Выбрать главу

Ему стало хорошо и прочно, ничто не страшило ни в воспоминаниях, ни в окружающем, ни в том, что ждало впереди. И славно так из глубины памяти наплывала на высеребренный месяцем полевой простор горбатая Басманная с церковкой Петра и Павла, с хоромами московской знати и с тем желтым двухэтажным домиком, где он снимал мрачноватую — густые липы за окнами застили свет, — но теплую и какую-то печально-уютную квартиру. Ну, усилься еще немного, напрягись, Фет, и вот ты уже не один.

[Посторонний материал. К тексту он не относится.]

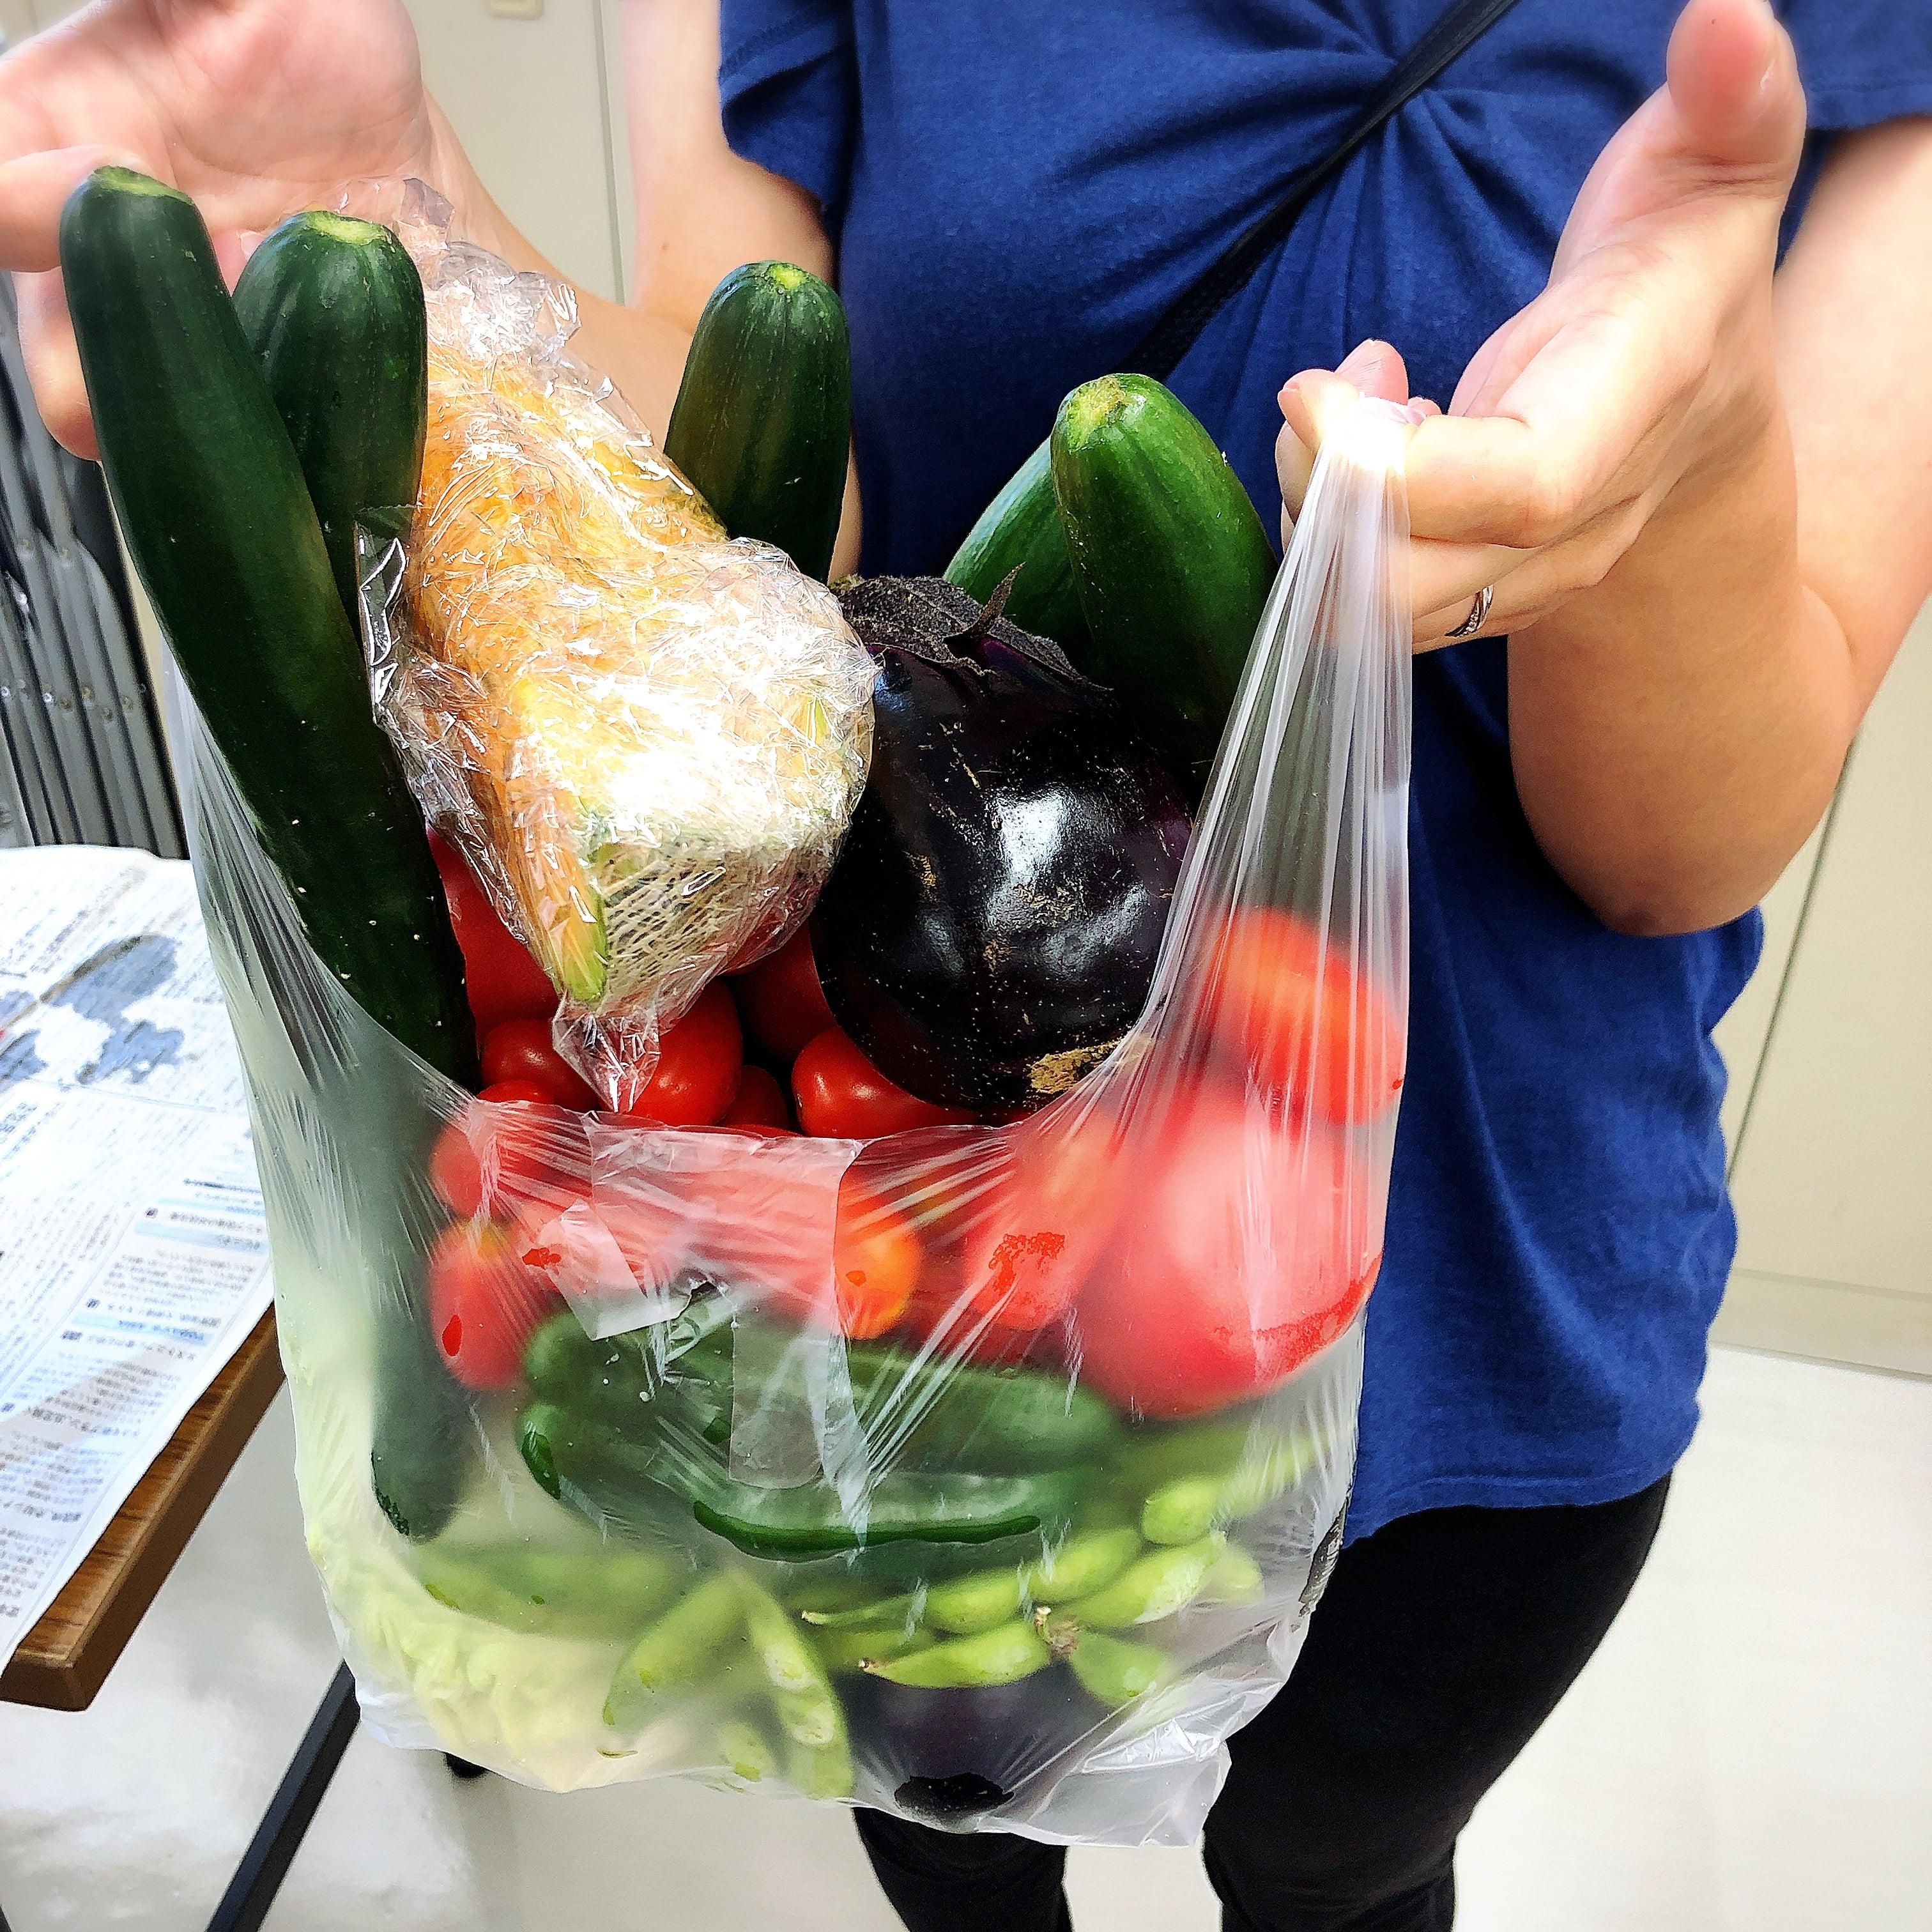 駅南マルシェ限定!野菜詰め放題500円のイメージその2

Он неслышно приблизился и стал за спиной, отчетливо ощутимый теплом тела и дыханием, шевелящим волосы на затылке, милый друг юности, самый дорогой и близкий человек всей его жизни. Сколько потом было преданных, добрых, умных друзей, а как с Аполлоном Григорьевым, ни с кем не было. То бесхитростное доверие, душевное понимание, что связали их в юности, остались с ними навсегда. В черные дни Наденькиной болезни Григорьев приносил на Басманную утешение и радость. Только дай клич, и — гитара за спину — Григорьев спешит из далекого Замоскворечья через пол-Москвы. У него не было денег на извозчика, и он топал пешком с Малой Полянки через оба Каменных моста, промахивал Моховую, Охотный ряд, Театральную площадь, Театральный проезд, Лубянскую площадь, длиннющую Мясницкую и мимо Красных ворот попадал на горбатую Басманную. Немалое путешествие! Этак выйдешь засветло, а доберешься при фонарях.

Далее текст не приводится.